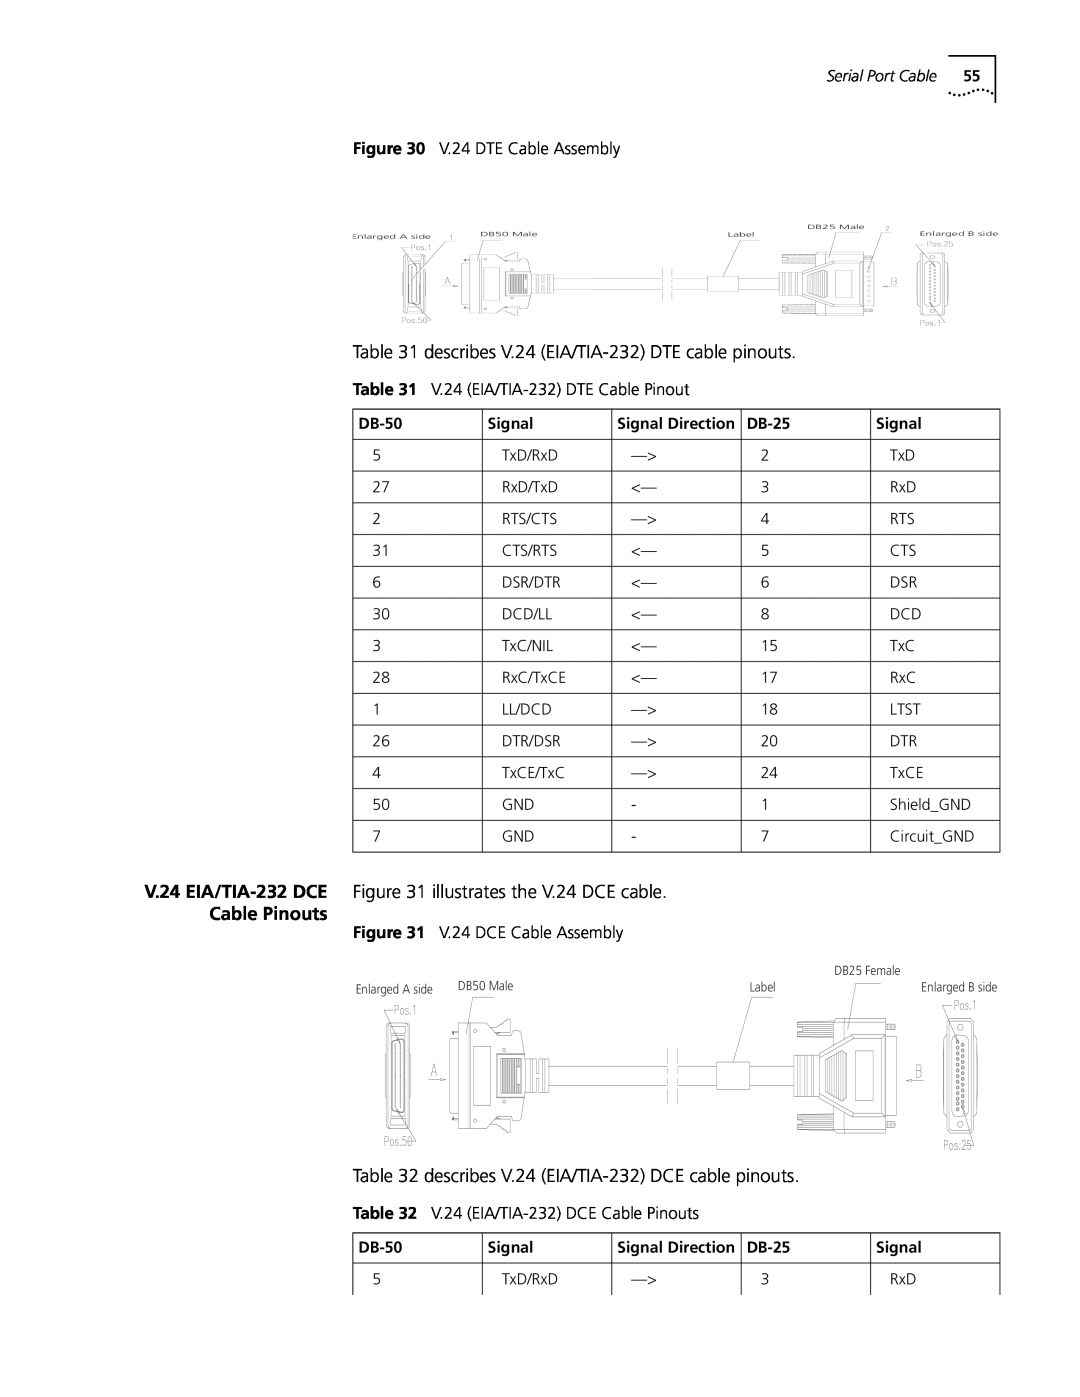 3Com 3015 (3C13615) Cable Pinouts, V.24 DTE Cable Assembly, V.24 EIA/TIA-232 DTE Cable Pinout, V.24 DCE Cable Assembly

◇ ◇ ◇ ◇ ◇ ◇ ◇

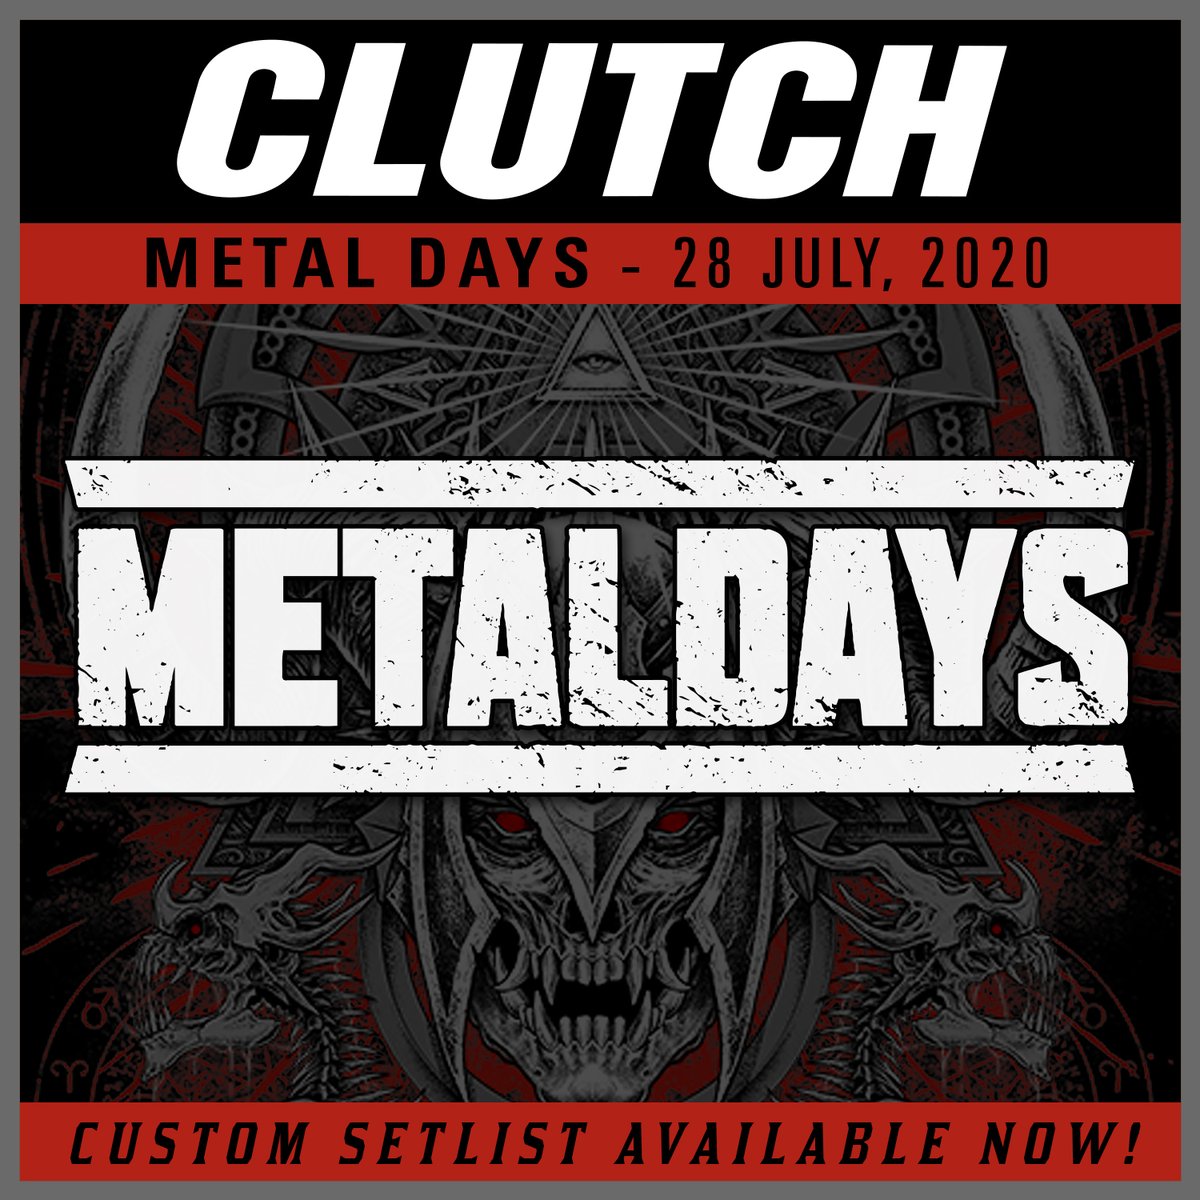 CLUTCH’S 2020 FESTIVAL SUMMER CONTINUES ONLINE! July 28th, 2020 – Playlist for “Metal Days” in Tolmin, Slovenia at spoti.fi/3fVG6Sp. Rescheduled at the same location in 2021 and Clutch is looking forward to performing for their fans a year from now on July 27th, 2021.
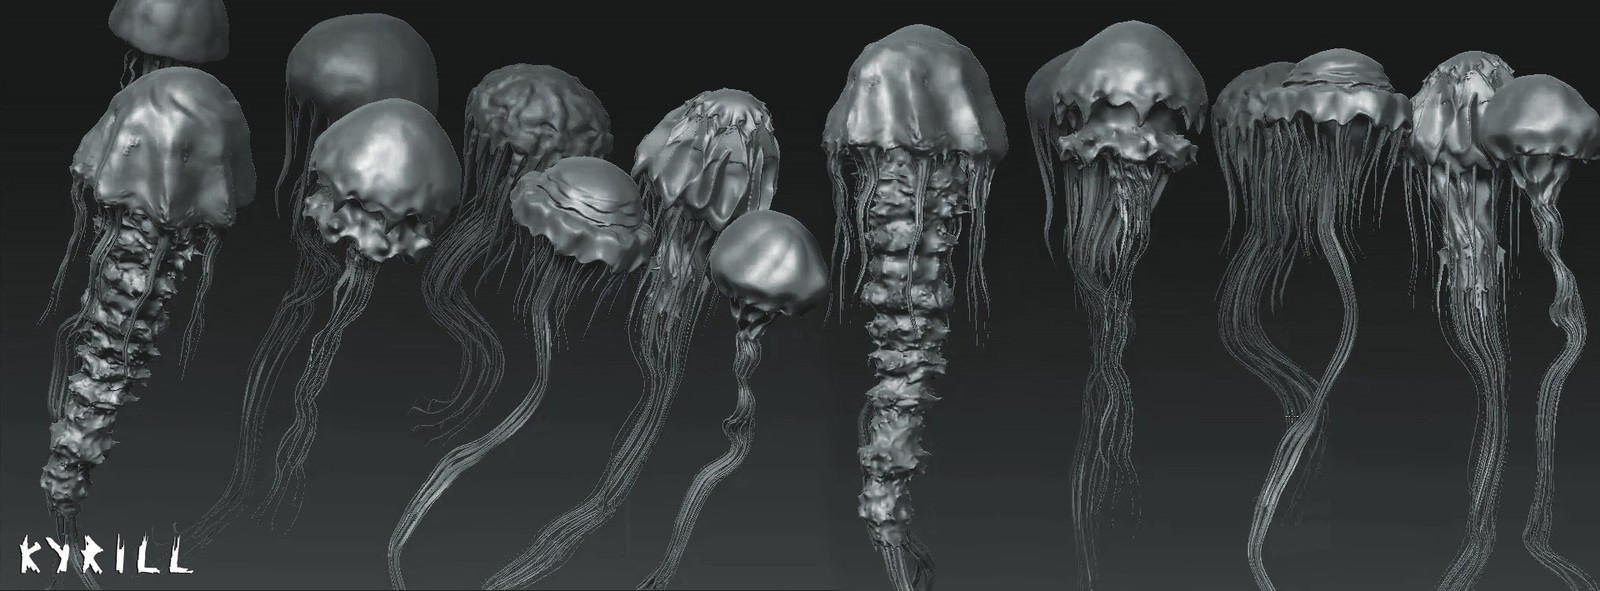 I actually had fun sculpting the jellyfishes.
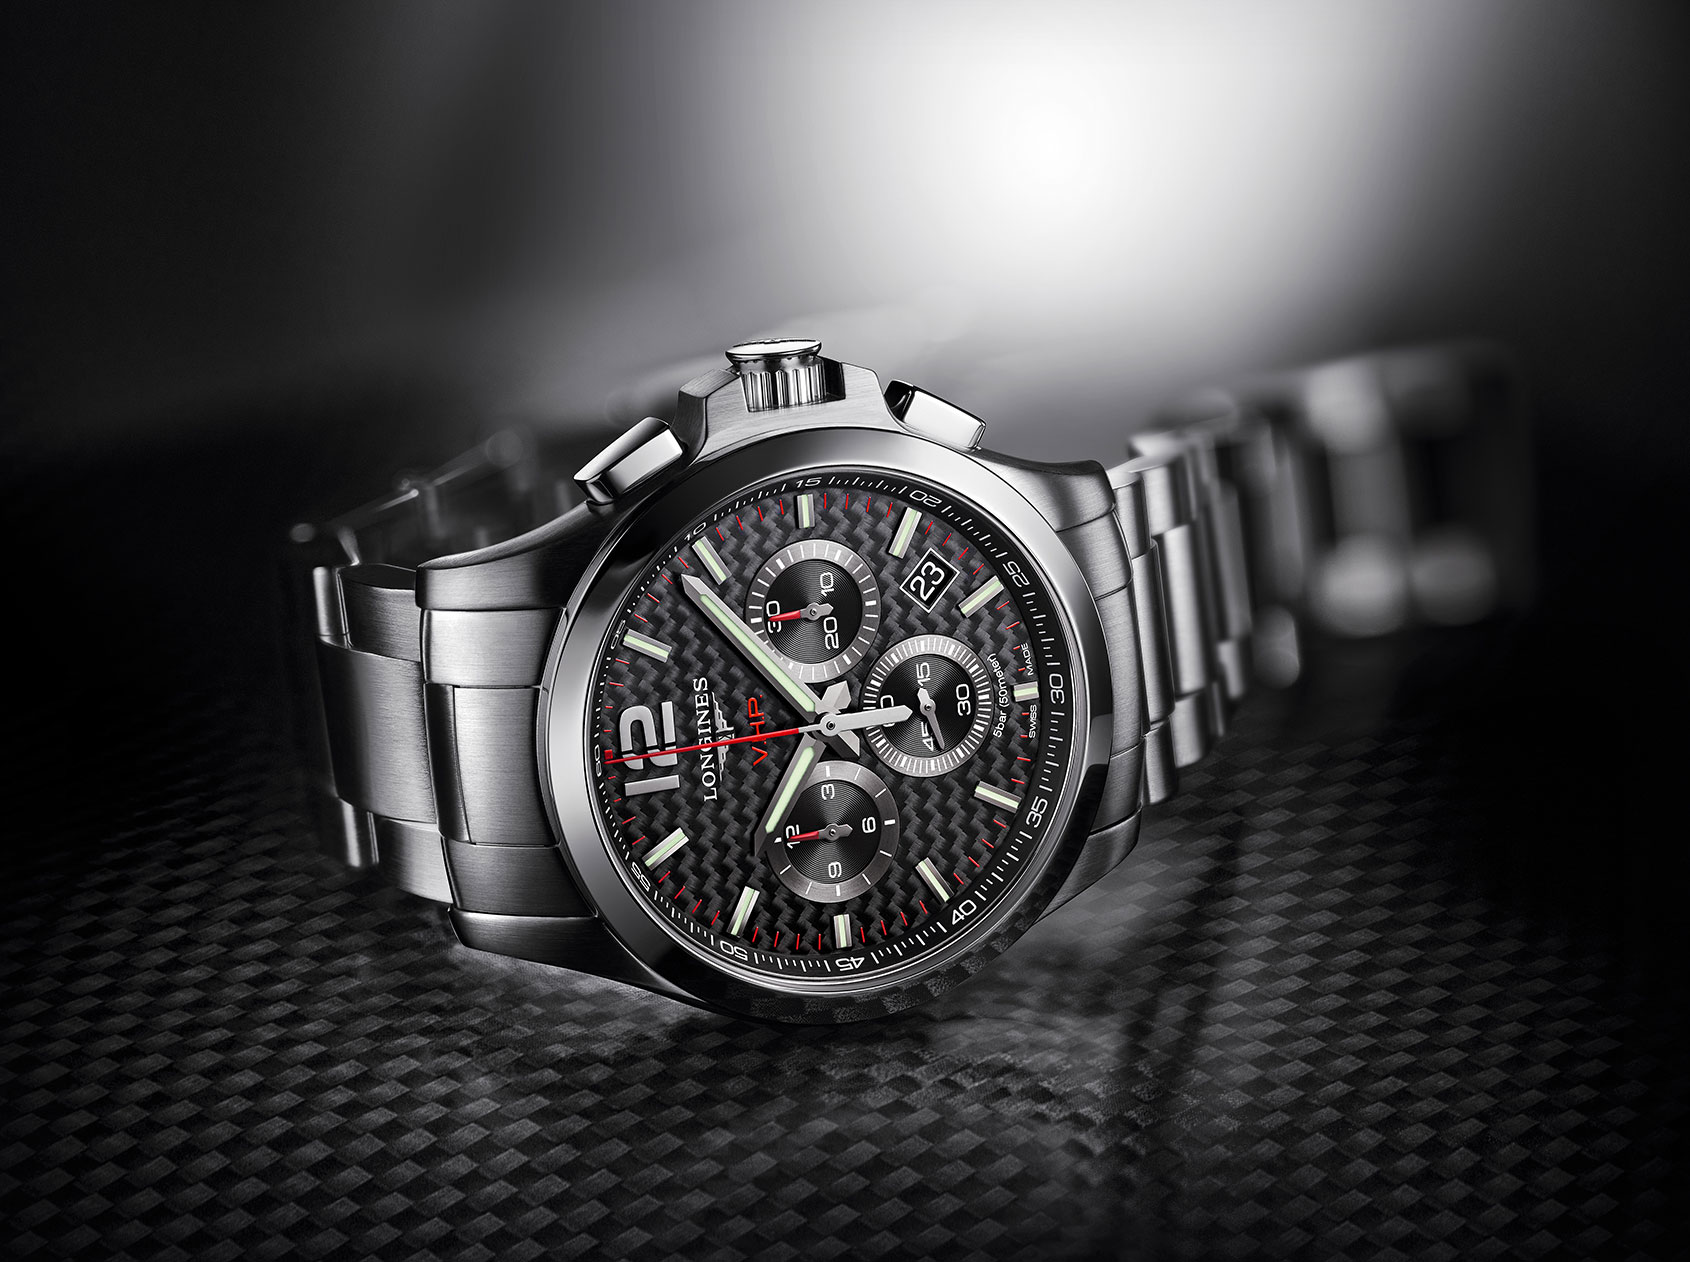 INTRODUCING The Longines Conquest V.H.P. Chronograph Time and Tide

◇ ◇ ◇ ◇ ◇ ◇ ◇

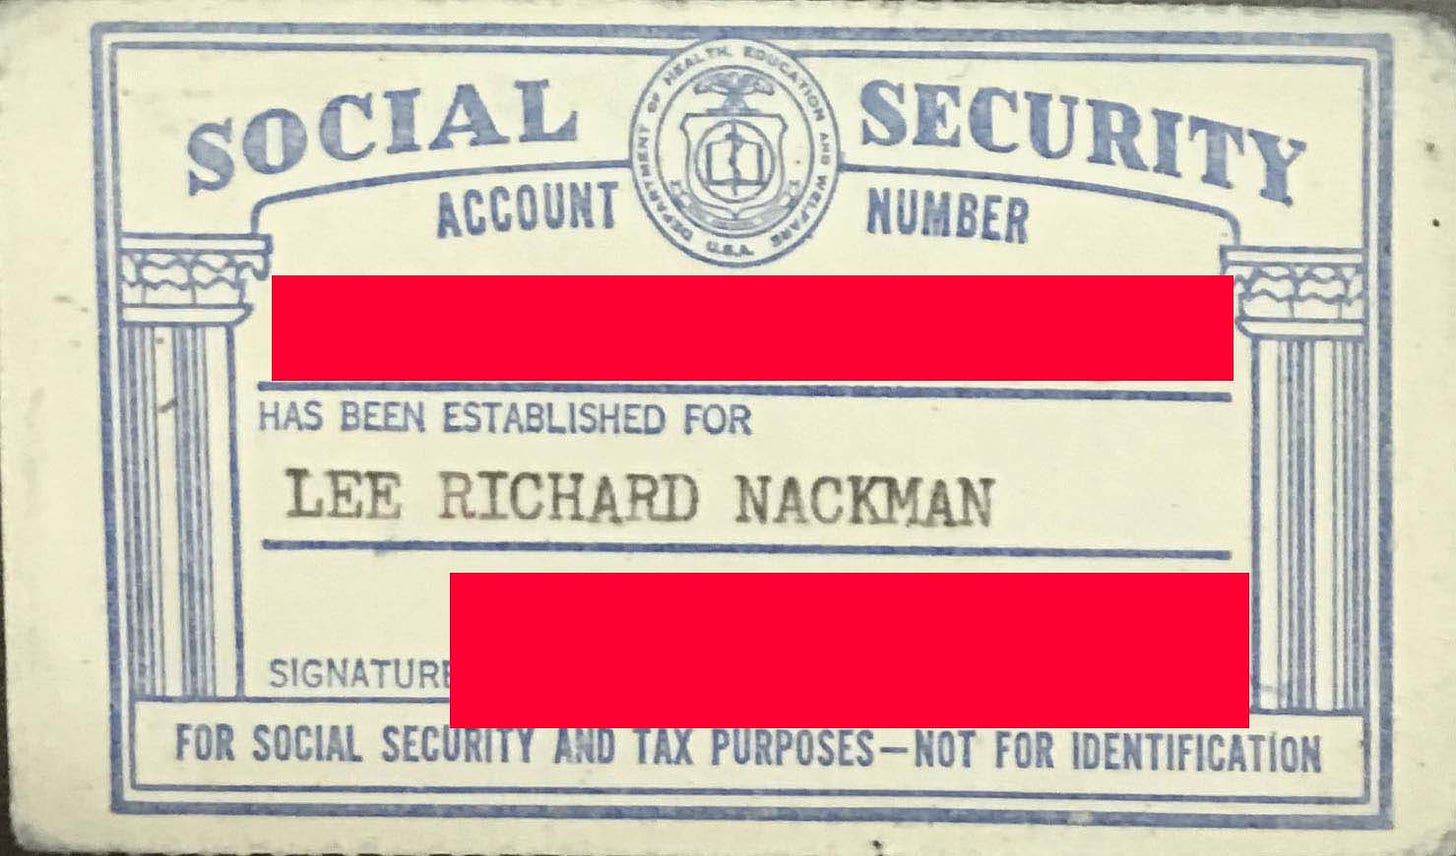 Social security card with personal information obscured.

◇ ◇ ◇ ◇ ◇ ◇ ◇

▶ [Work order]:
While skipping the pictures, transcribe the data above from the line showing "CLUTCH’S 2020 FESTIVAL" through the line showing "INTRODUCING The Longines", exactly and with both ends.

▶ [The answer]:
 CLUTCH’S 2020 FESTIVAL SUMMER CONTINUES ONLINE! July 28th, 2020 – Playlist for “Metal Days” in Tolmin, Slovenia at spoti.fi/3fVG6Sp. Rescheduled at the same location in 2021 and Clutch is looking forward to performing for their fans a year from now on July 27th, 2021.
 I actually had fun sculpting the jellyfishes.
 INTRODUCING The Longines Conquest V.H.P. Chronograph Time and Tide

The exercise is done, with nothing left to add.